Rancho Queimado é uma cidade de 2.748 habitantes que possui 59,6% vivendo na área rural, conforme informação disponível no portal da prefeitura na internet. Excluindo os que vivem no campo, sobram 1.110 almas residindo na área urbana. Somente o bairro de Educandos em Manaus, com 15.857 habitantes, acomodaria quatorze Ranchos Queimados, demonstrando o quanto deve ser espaçoso e pacto o município catarinense. Até o momento o covid-19 ceifou duas vidas em Rancho Queimado, correspondendo 1,80% de sua população. Somente para comparação, Manaus com uma população de 2,02 milhões de habitantes, que já passou por duas ondas de infecção e falta de oxigênio nos hospitais, contabilizava 9.025 óbitos até o dia 6 de junho. O número de mortes em Manaus corresponde a 0,44% da população total urbana, proporcionalmente três vezes menor que Rancho Queimado e, podendo supor, com suas duas mortes ser mais letal e perigoso morar no município catarinense que na capital do Amazonas? A resposta é não, porque simplesmente comparar uma cidade com pequena população e baixa densidade populacional com qualquer metrópole densamente povoada não contém honestidade intelectual. Devemos ainda considerar outros fatores como: quantidade da população já exposta ao vírus, taxa de circulação de indivíduos e a taxa de adesão a medidas não farmacológicas como distanciamento social, asseio das mãos e uso de máscaras para minimamente criar uma base de comparação.

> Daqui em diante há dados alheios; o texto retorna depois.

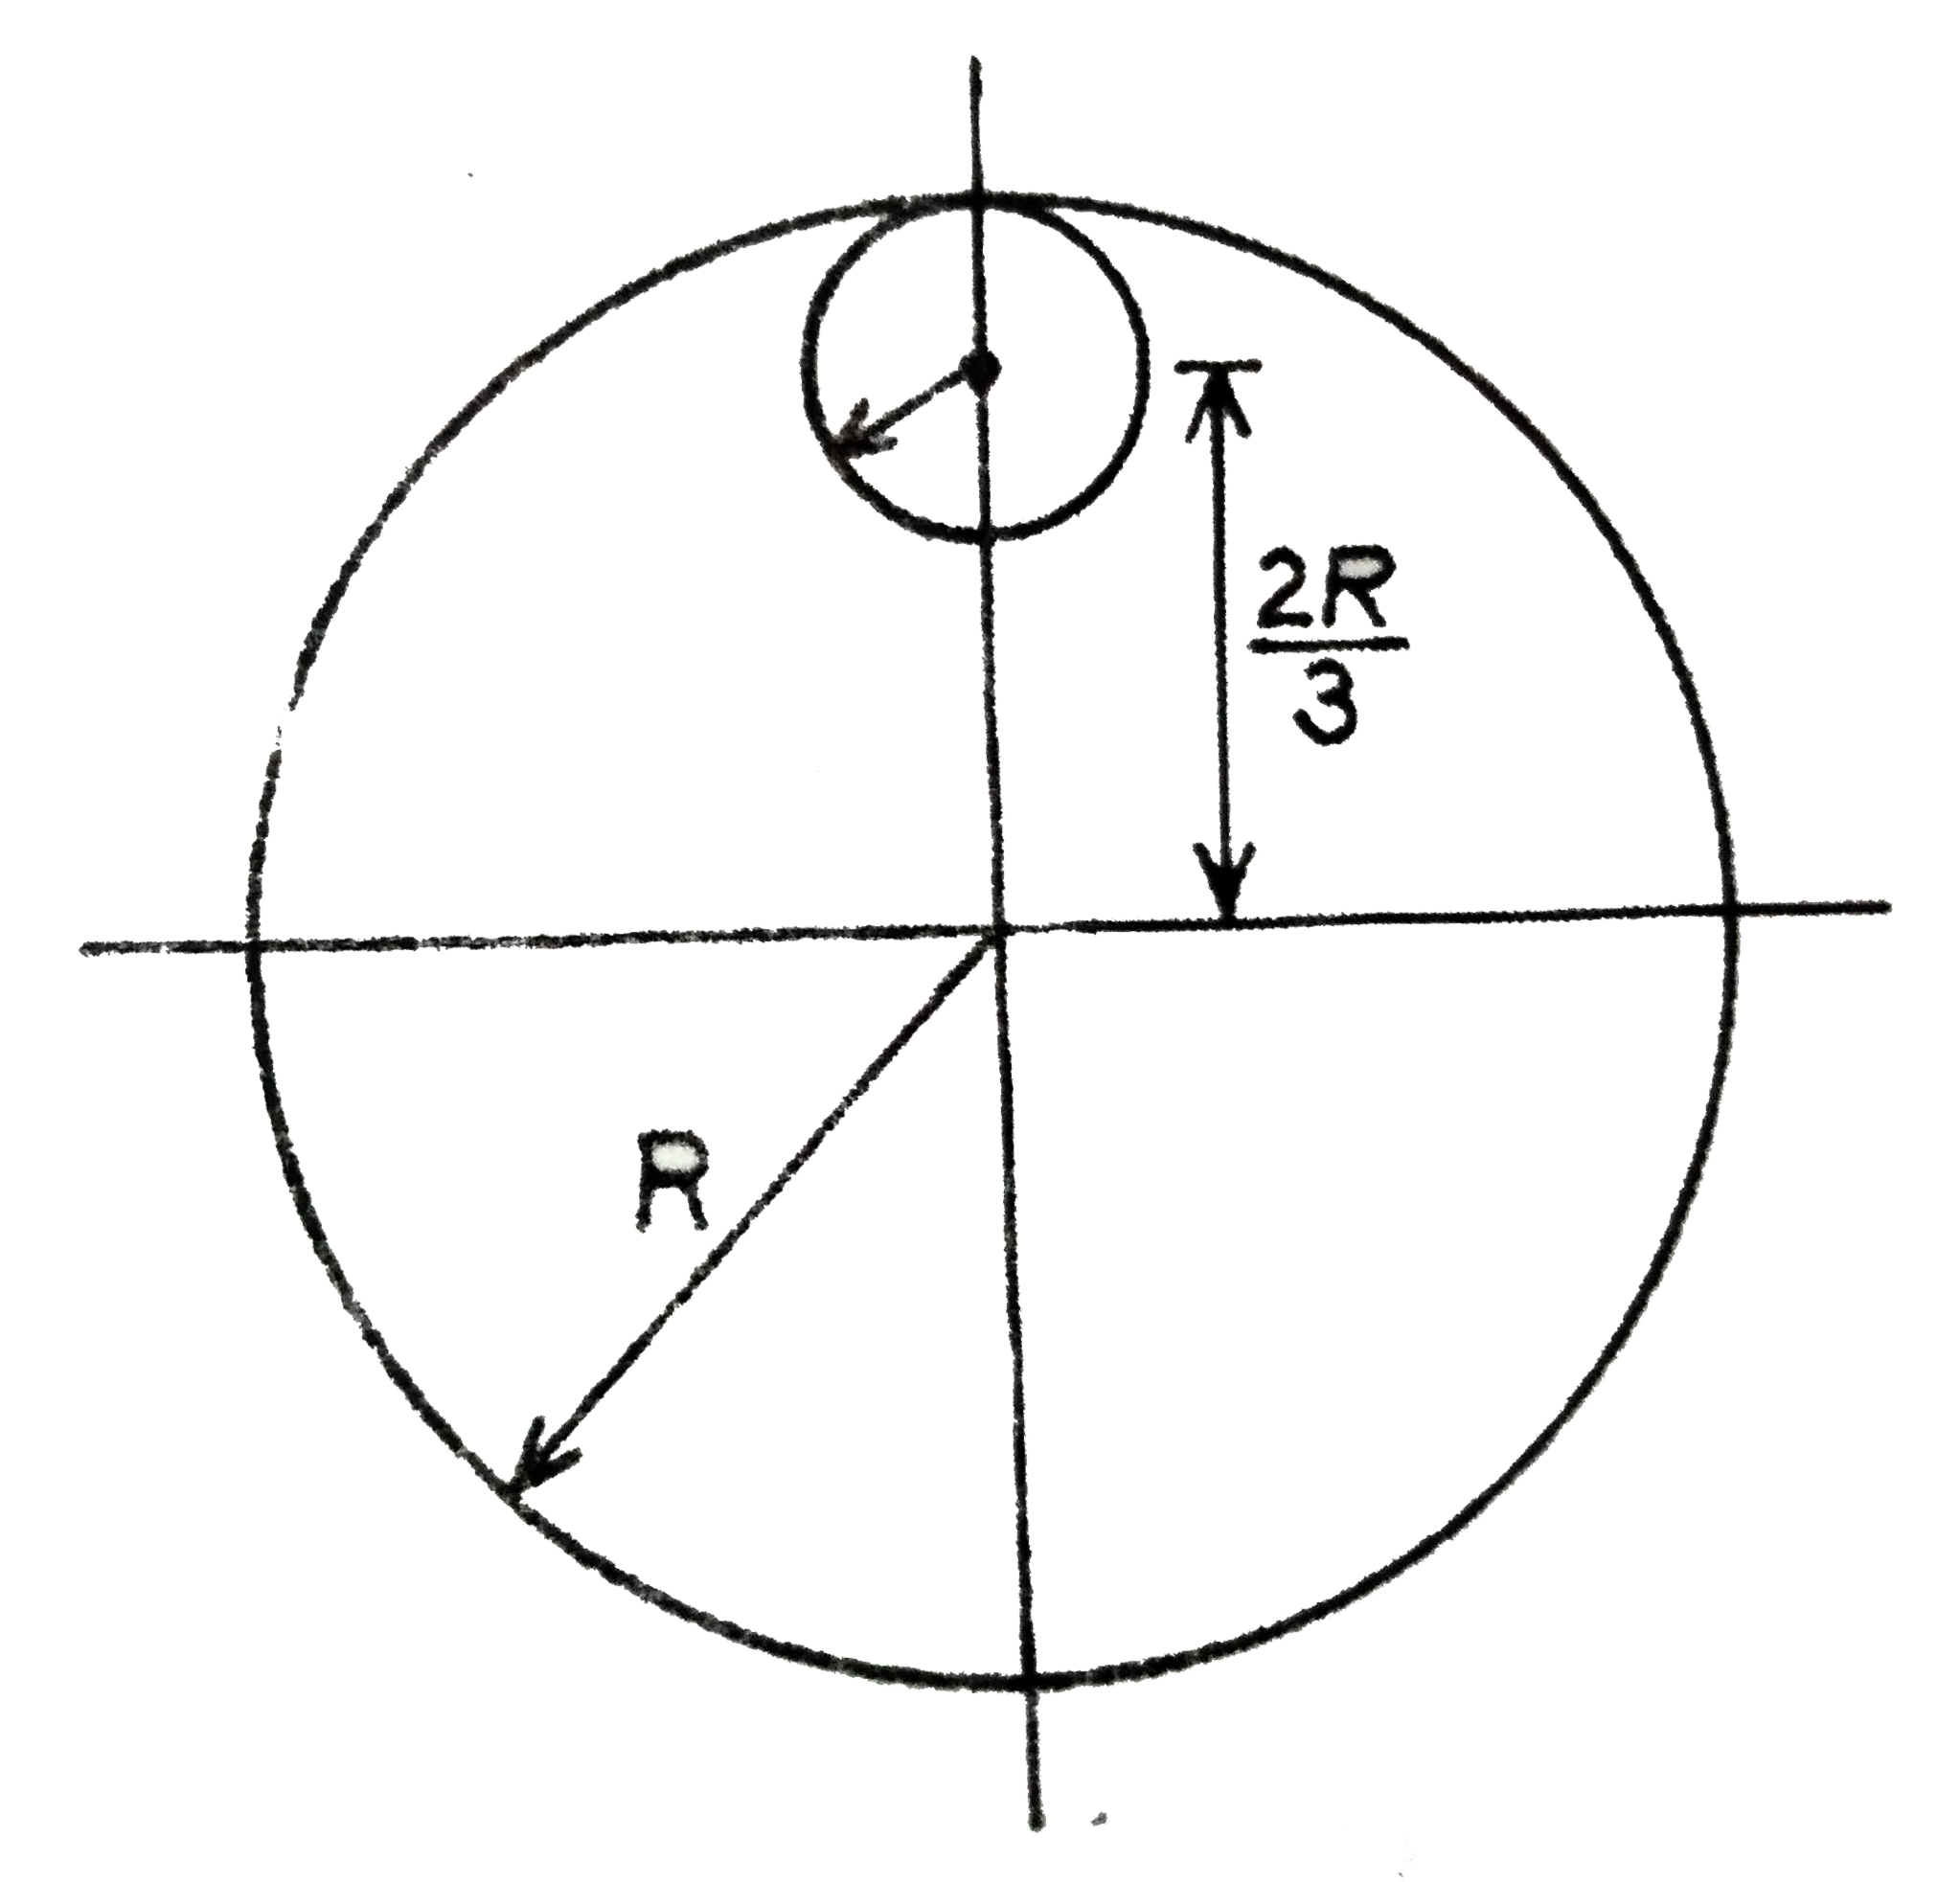 R त्रिज्या तथा 9M द्रव्यमान के एकचसमान गोलाकार डिस्क से R//3 त्रिज्या का एक छोटा गोलाकार डिस्क काट कर‌ निकाल लिया जाता है जैसा कि चित्र में दर्शाया गया है। डिस्क के सतह के लम्बवत एवं उसके केंद्र से गुजरने वाले अक्ष के सापेक्ष बची हुई डिस्क का जड़त्व आघूर्ण होगा:

É importante que se diga que existe diferença entre taxa de mortalidade e taxa de letalidade. No exemplo apresentado entre Rancho Queimado e Manaus refere-se a taxa de mortalidade, mas o correto é calcular a taxa de letalidade, ou seja, a quantidade de mortes em relação ao total de indivíduos que testaram positivo para covid-19. Porém, como é sabido que o governo brasileiro não disponibilizou testes de covid-19 para aplicar em toda sua população, é certo que existe uma subnotificação de casos em indivíduos que tiveram sintomas leves e que não procuraram atendimento médico. Rancho queimado com 2 mortes e 429 casos confirmados têm uma taxa de letalidade de 0,46% e Manaus com 9.025 óbitos e 179.186 casos confirmados apresenta letalidade de 5,03%.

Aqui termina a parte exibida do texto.